I'm not sure what caused it to stop working, several components have been updated at the same time, e.g. systemd (probably some 251.x) and the kernel (from 5.15 to 6.1) but also portage. However, a downgrade of portage didn't seem to fix it.

When changing to the /var/tmp/portage directory (thus forcing the automounter to mount the directory) before invoking emerge successfully works around it.

Reproducible: Always

Steps to Reproduce:
1. Setup a tmpfs automount for portage as listed above
2. Ensure that only automount is active and tmpfs is currently not engaged
3. Run emerge and start building packages
Actual Results:  
Error output:

/var/tmp/portage is not writable.
Likely cause is that you've mounted it as readonly.


Expected Results:  
The packages should build.

It looks like portage looking up the permissions of the directory no longer triggers the automounter, so it ends up reading wrong permissions. Portage should maybe first try opening the directory then, or try to actually create a file.

I'm not sure where the new behavior actually comes from, so it may affect other software, too.
Comment 1 Mike Gilbert gentoo-dev 2023-01-15 00:51:12 UTC
Does the behavior change if you set FEATURES="-mount-sandbox -pid-sandbox" in make.conf?
Comment 2 Kai Krakow 2023-01-15 01:12:05 UTC
No, it doesn't... (tried every combination of disabling sandboxes)

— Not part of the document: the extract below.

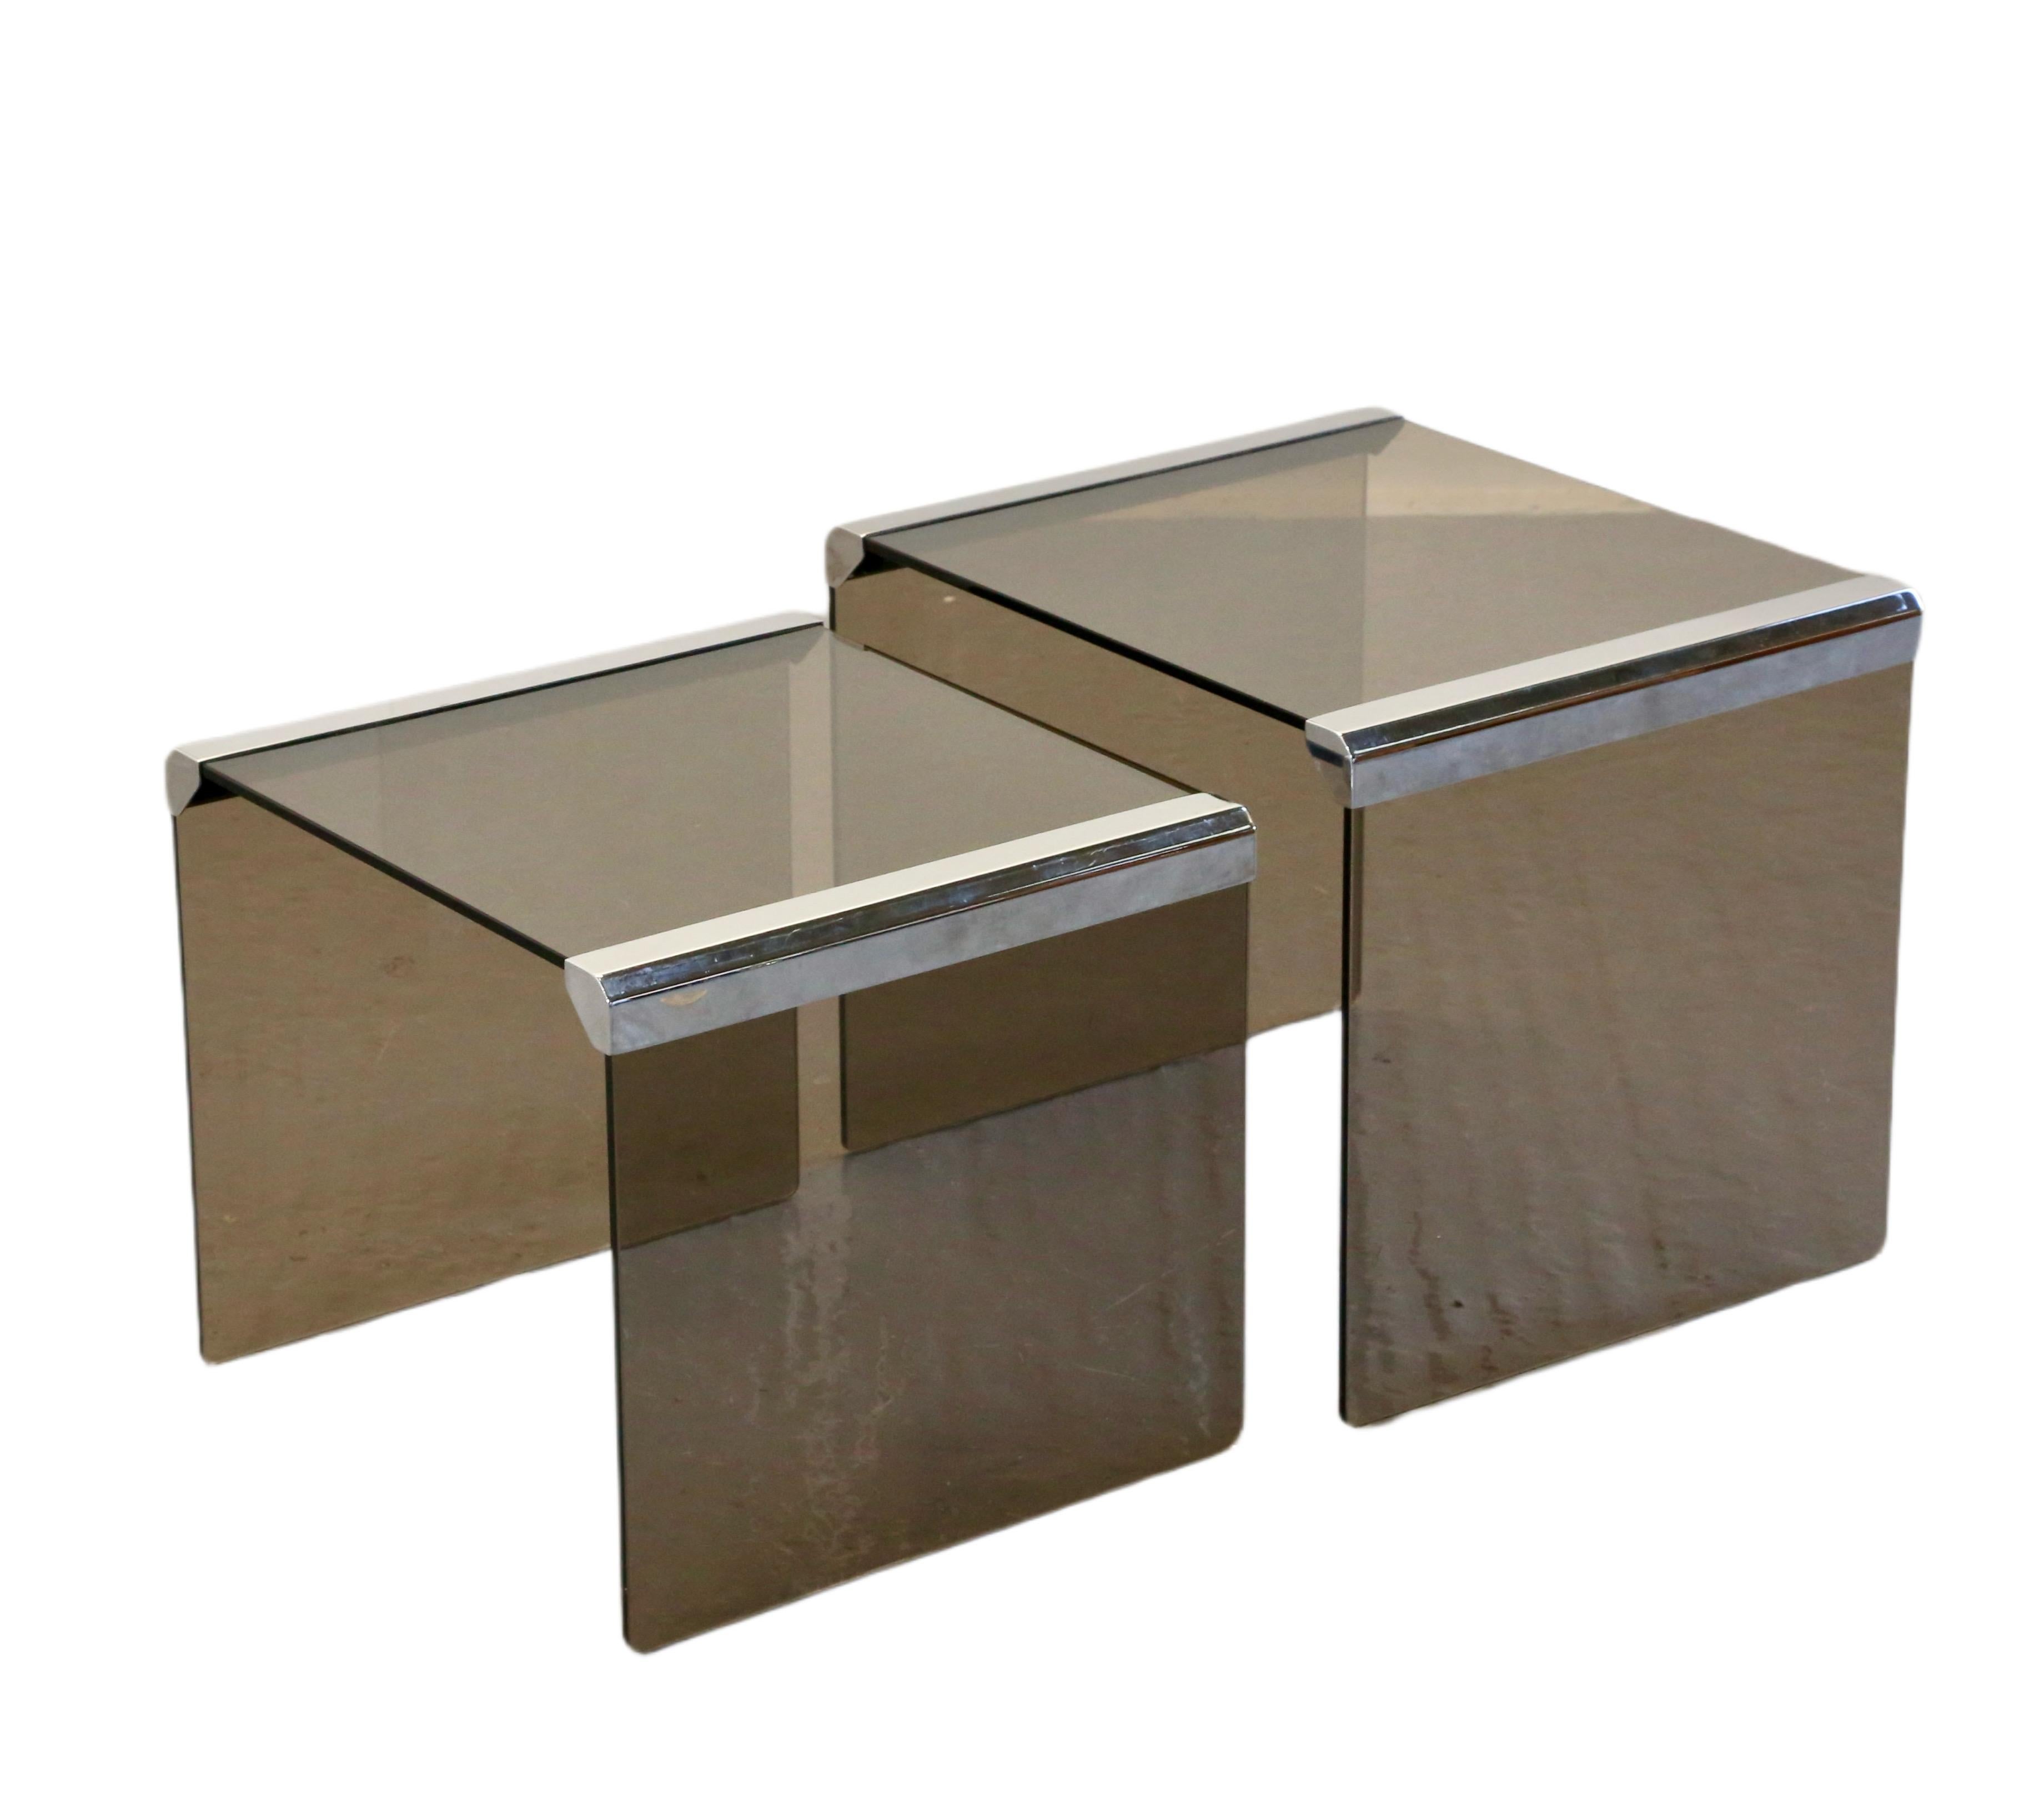 A fabulous set of Italian Mid Century Modern nesting tables, designed by Pierangelo Gallotti, possibly in collaboration with Luigi Massoni, for Gallotti&Radice. The tables feature high quality smoked and toughened glass with chromed steel edges.

I don't think this is caused by anything that portage changed but rather what the kernel or systemd changed. And portage probably needs to adapt.
Comment 3 Mike Gilbert gentoo-dev 2023-01-15 01:29:00 UTC
If you call "stat /var/tmp/portage", does that trigger the automount?
Comment 4 Mike Gilbert gentoo-dev 2023-01-15 02:21:06 UTC
Could you attach the automount and mount units you are using for this? That would help in attempting to reproduce the problem.
Comment 5 Kai Krakow 2023-01-15 11:09:33 UTC
Running stat doesn't trigger the automount:

# LANG=C stat /var/tmp/portage
  File: /var/tmp/portage
  Size: 0               Blocks: 0          IO Block: 1024   directory
Device: 0,50    Inode: 5416        Links: 2
Access: (0755/drwxr-xr-x)  Uid: (    0/    root)   Gid: (    0/    root)
Access: 2023-01-15 00:16:54.037823778 +0100
Modify: 2023-01-14 23:06:06.359999729 +0100
Change: 2023-01-14 23:06:06.359999729 +0100
 Birth: -

After manually triggering the automount:

# LANG=C stat /var/tmp/portage
  File: /var/tmp/portage
  Size: 40              Blocks: 0          IO Block: 4096   directory
Device: 0,375   Inode: 1           Links: 2
Access: (0770/drwxrwx---)  Uid: (  250/ portage)   Gid: (  250/ portage)
Access: 2023-01-15 11:49:49.220744200 +0100
Modify: 2023-01-15 11:49:48.974069700 +0100
Change: 2023-01-15 11:49:48.974069700 +0100
 Birth: 2023-01-15 11:49:48.974069700 +0100


# /run/systemd/generator/var-tmp-portage.automount
# Automatically generated by systemd-fstab-generator

[Unit]
SourcePath=/etc/fstab
Documentation=man:fstab(5) man:systemd-fstab-generator(8)

[Automount]
Where=/var/tmp/portage
TimeoutIdleSec=1min

# /run/systemd/generator/var-tmp-portage.mount
# Automatically generated by systemd-fstab-generator

[Unit]
Documentation=man:fstab(5) man:systemd-fstab-generator(8)
SourcePath=/etc/fstab
Before=local-fs.target

[Mount]
What=tmpfs
Where=/var/tmp/portage
Type=tmpfs
Options=noauto,x-systemd.automount,x-systemd.idle-timeout=60,size=12G,mode=770,uid=portage,gid=portage

These are generated from the fstab entry:

# grep portage /etc/fstab
tmpfs /var/tmp/portage tmpfs noauto,x-systemd.automount,x-systemd.idle-timeout=60,size=12G,mode=770,uid=portage,gid=portage

Additionally, I'm using tmpfiles to ensure the directory exists:

# cat /etc/tmpfiles.d/portage.conf
D! /var/tmp/portage 0775 portage portage


So after some fiddling around:

After I stopped the automount unit, the directory remains owned by root although tmpfiles sets it to owner portage during boot. I manually changed the owner back to portage, verified this using `ls -al`, then started the automount unit again which changes the owner back to root.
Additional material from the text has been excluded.